Com o novo ministério, temos a possibilidade de trabalhar com a CIA e o FBI, e isto é uma oportunidade para mudar a relação com esses dois organismos. A ordem do presidente Bush à CIA e ao FBI para que trabalhem de maneira mais coordenada com o novo ministério vai nos dar acesso a todas as informações necessárias, disse Ridge à rede de televisão ABC.
Uma das muitas funções deste ministério será a de reunir as informações que recebemos de múltiplas fontes que investigam o terrorismo interno. Assim, receberemos dados tanto da CIA quanto do FBI, informou Ridge.
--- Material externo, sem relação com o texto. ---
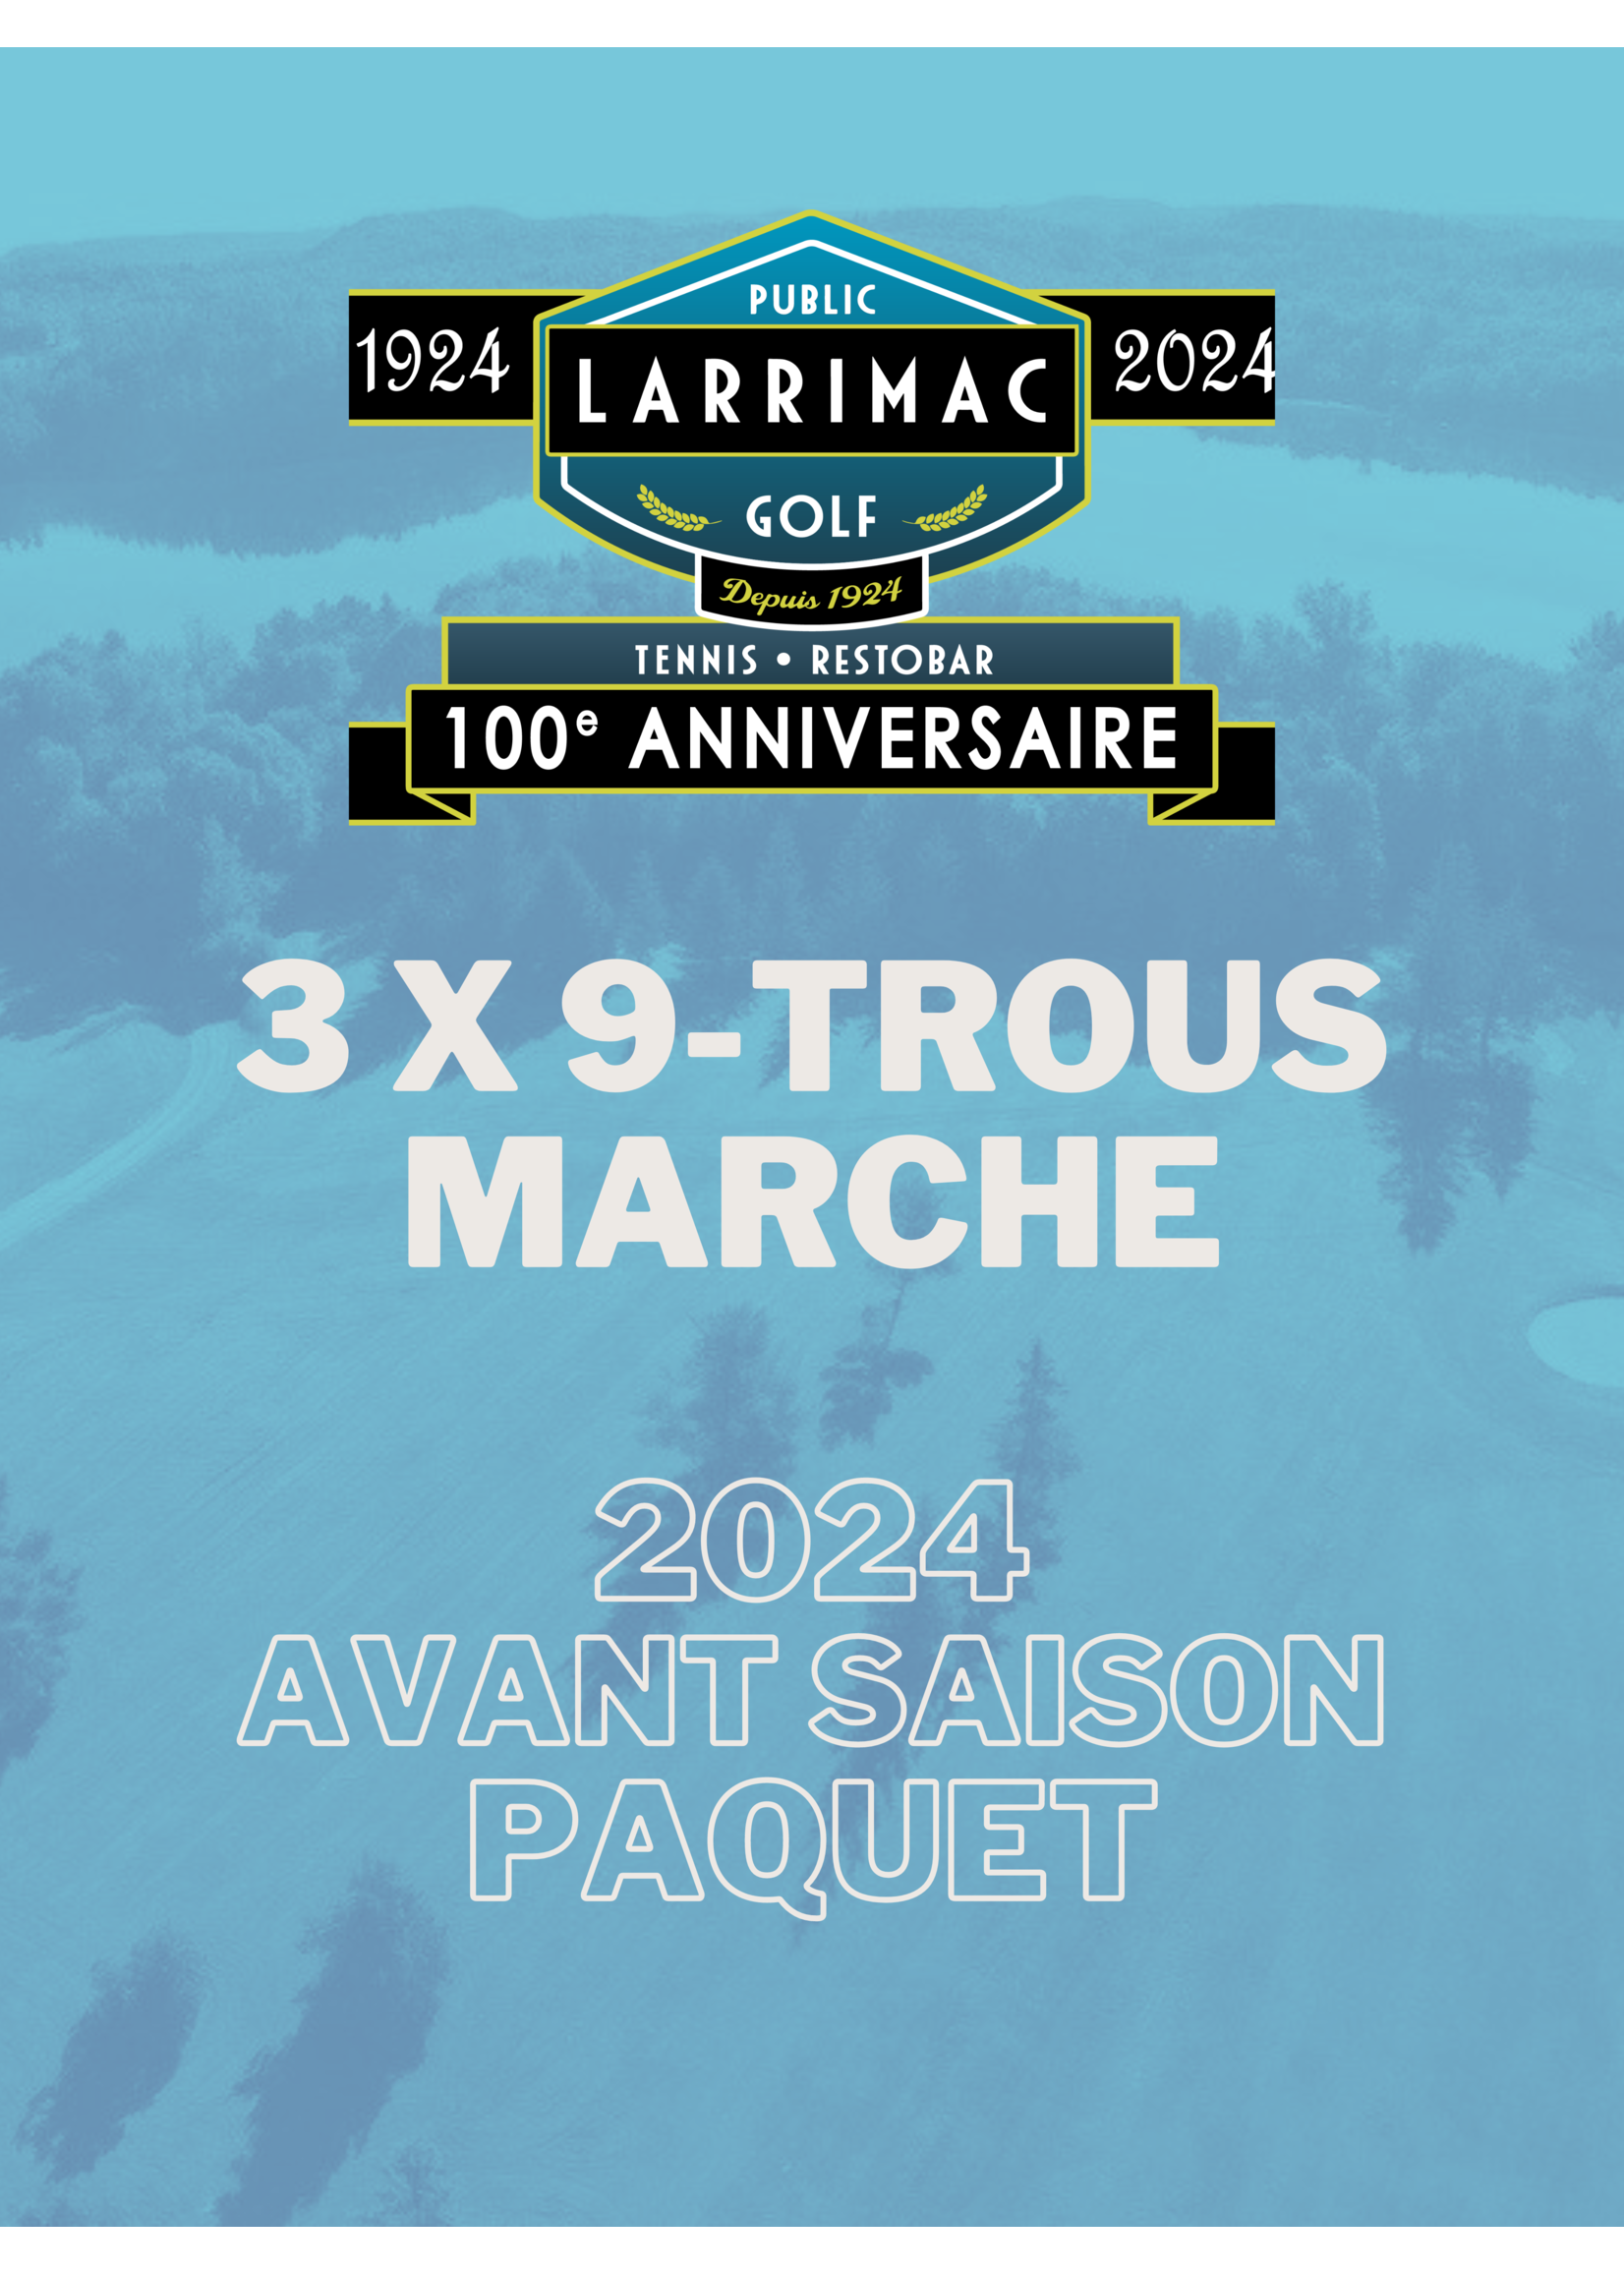 2024 packages 3x 9 Trous Marche Paquet (Avant-saison 2024 15% de réduction !)

Na quinta-feira, Bush pediu ao Congresso que aprovasse a criação de um superministério da Segurança Interior, para agrupar todas as agências encarregadas da vigilância das fronteiras (guarda-costeira, polícia, alfândega e imigração), o serviço de segurança do Ministério dos Transportes, a Agência de Ajuda, em caso de catástrofe (FEMA), o serviço secreto e alguns serviços especializados dos ministérios da Energia e da Saúde.
Orçamento em discussãoO Senado norte-americano aprovou na noite de quinta-feira um orçamento de urgência de 31,5 bilhões de dólares para financiar as atividades do Pentágono e a luta contra o terrorismo, apesar da ameaça de veto do presidente George W. Bush.
O presidente norte-americano solicitou 27,1 bilhões de dólares para este fim, e se queixou de que os senadores tenham acrescentado ao projeto de lei uma série de gastos que considera inúteis. É prática comum entre os políticos, principalmente em ano eleitoral, tentar financiar programas que beneficiem seus eleitores.
A batalha concentra-se agora entre as duas câmaras, já que a Câmara dos Representantes aprovou, no mês passado, sua própria versão, que também supera o solicitado pela Casa Branca (29,4 bilhões).
O projeto de lei foi aprovado no Senado por 71 votos contra 22 (7 abstiveram-se).